- The paper presents a novel system X that integrates a dynamic PCG management protocol with a multi-agent framework to generate realistic urban scenes.
- It leverages multimodal inputs such as OSM, semantic maps, and satellite images to optimize asset selection and ensure scene consistency.
- Experiments demonstrate that X outperforms previous methods in geometric regularity and aesthetic evaluation for unbounded 3D city generation.
Controllable Procedural Content Generation for Unbounded 3D Cities
Introduction
Procedural Content Generation (PCG) for large-scale 3D urban environments presents a complex challenge due to the diverse 3D assets involved and the necessity for strict, varied layout constraints. Existing methodologies have attempted to address these issues using generative models or NeRF-based approaches but often fall short in scaling and fine-grained control. "CityX: Controllable Procedural Content Generation for Unbounded 3D Cities" (2407.17572) introduces a novel multi-modal controlled PCG method, named X, designed to enhance the generation of realistic 3D cities guided by multimodal inputs such as OpenStreetMap (OSM), semantic maps, and satellite images.
Methodology
The proposed system, X, integrates a PCG management protocol with a multi-agent framework to generate and manage urban scenes effectively.
PCG Management Protocol
X introduces a dynamic protocol to integrate various PCG plugins, managing the complex interaction between these plugins and Blender’s action functions. This protocol comprises:
- Dynamic API Conversion Interface: Facilitates the integration and communication among diverse PCG APIs, enabling seamless adaptation of different plugin formats.

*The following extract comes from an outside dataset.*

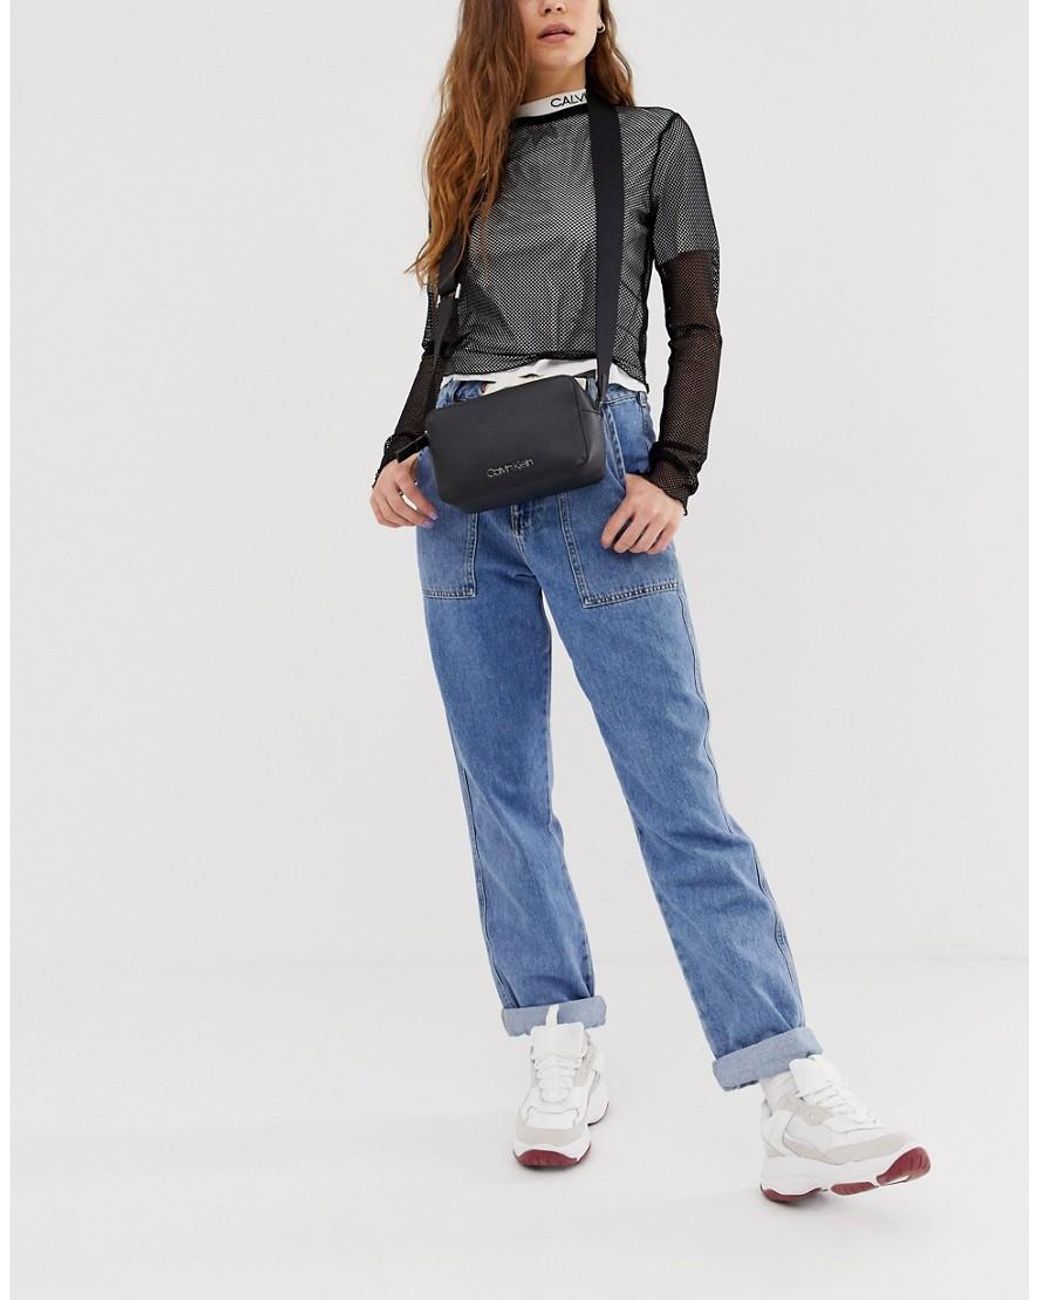 Calvin Klein Calvin Klein Camera Bag With Wide Print Detail Strap in Black  | Lyst Australia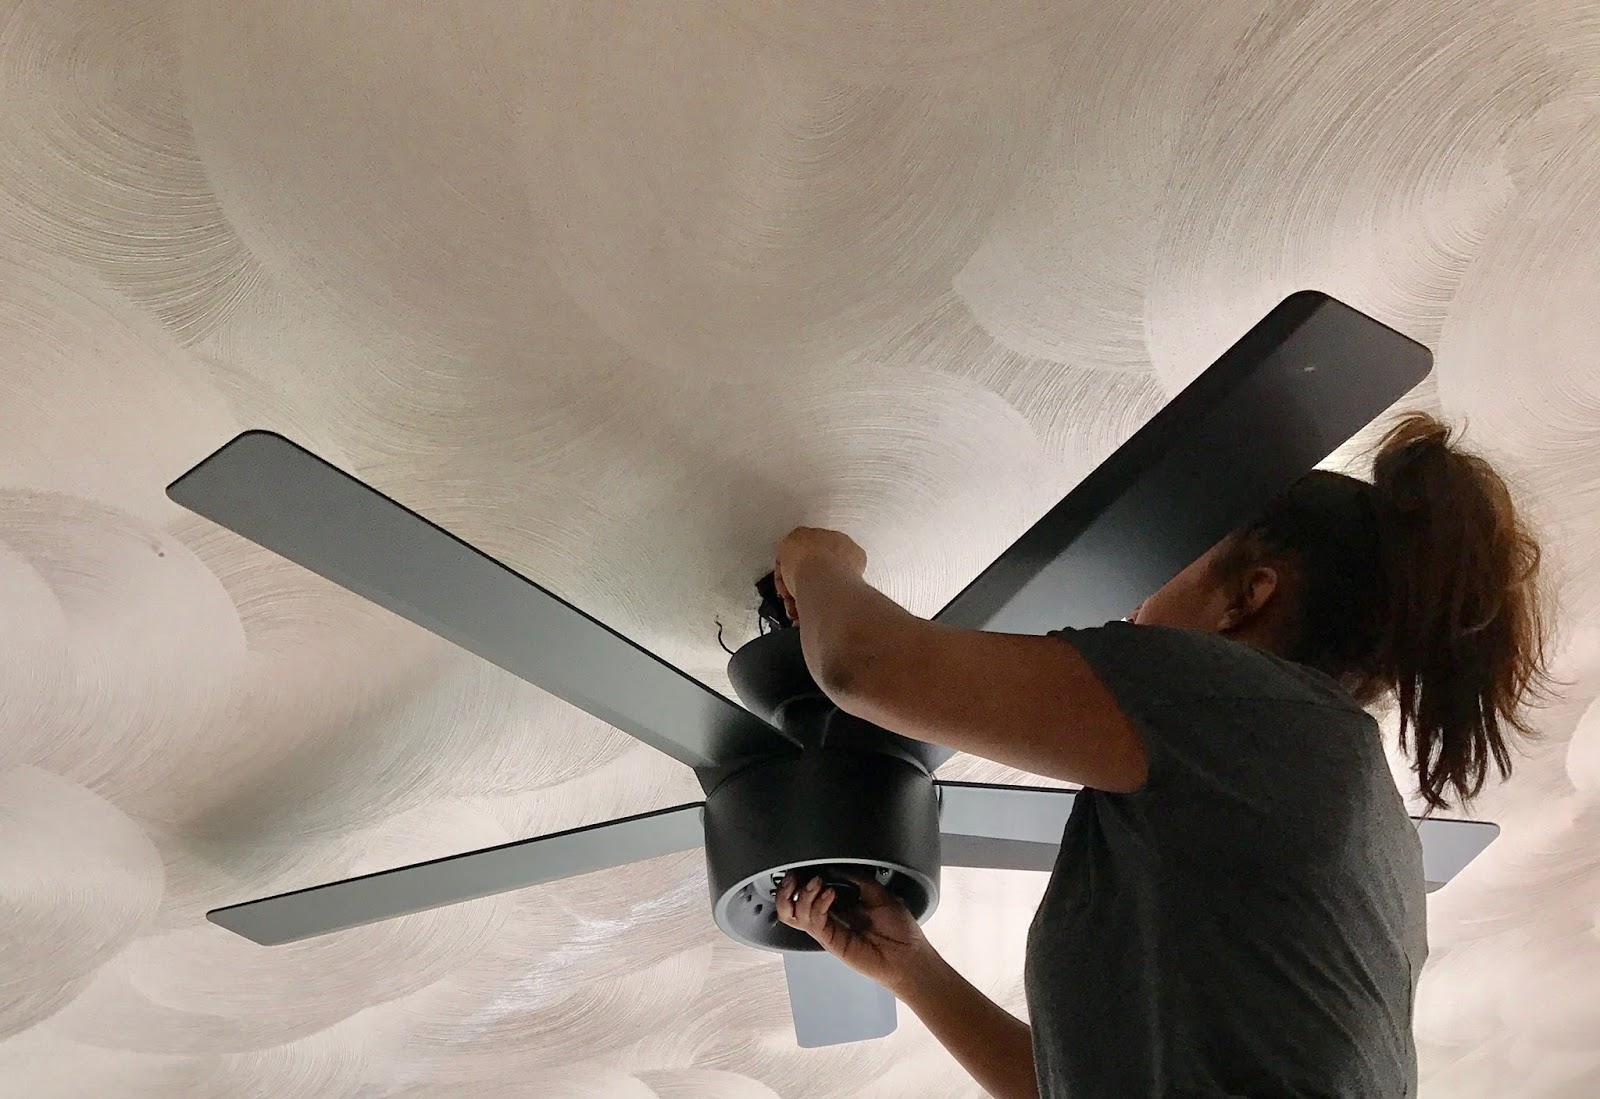 Sleek and stylish ceiling fans

- Structured Encapsulation: Lowers the technical barriers for beginners by employing a consistent structure for action functions, making it easier to utilize complex PCG functionalities within the Blender environment.
- Infinite Asset Libraries: Utilizes a continually expanding library of assets coupled with an innovative asset-retrieval system through pre-trained CLIP models, optimizing the asset selection process to fit city layout demands.
Multi-Agent Framework
This framework orchestrates the procedural generation process through multiple specialized agents:
- Annotator: Labels action functions for easy access by other agents.
- Planner: Devises a flexible, open-loop workflow that dynamically adjusts to user inputs and system feedback, ensuring coherent task execution.
- Executor: Operates within Blender to execute tasks using structured encapsulation, thereby enhancing system interactivity and accuracy.
- Evaluator: Employs visual feedback to assess task completion, guiding the system towards more precise urban scene generation.
Figure 1: The proposed X, under the guidance of multimodal inputs including OSM data, semantic maps, and satellite images, facilitates the automatic creation of realistic large-scale 3D urban scenes.
Experiments and Results
Experiments demonstrate the efficacy of X in producing realistic urban environments from various multimodal inputs. The framework not only supports diverse inputs but also improves scene realism and consistency when compared to existing methods.
Comparative Study
X outperforms prior city generation methodologies like CityDreamer and SceneDreamer under different input conditions by addressing issues such as asset overlap and repetitive structures. The system's ability to maintain geometric regularity while ensuring high-quality output sets it apart.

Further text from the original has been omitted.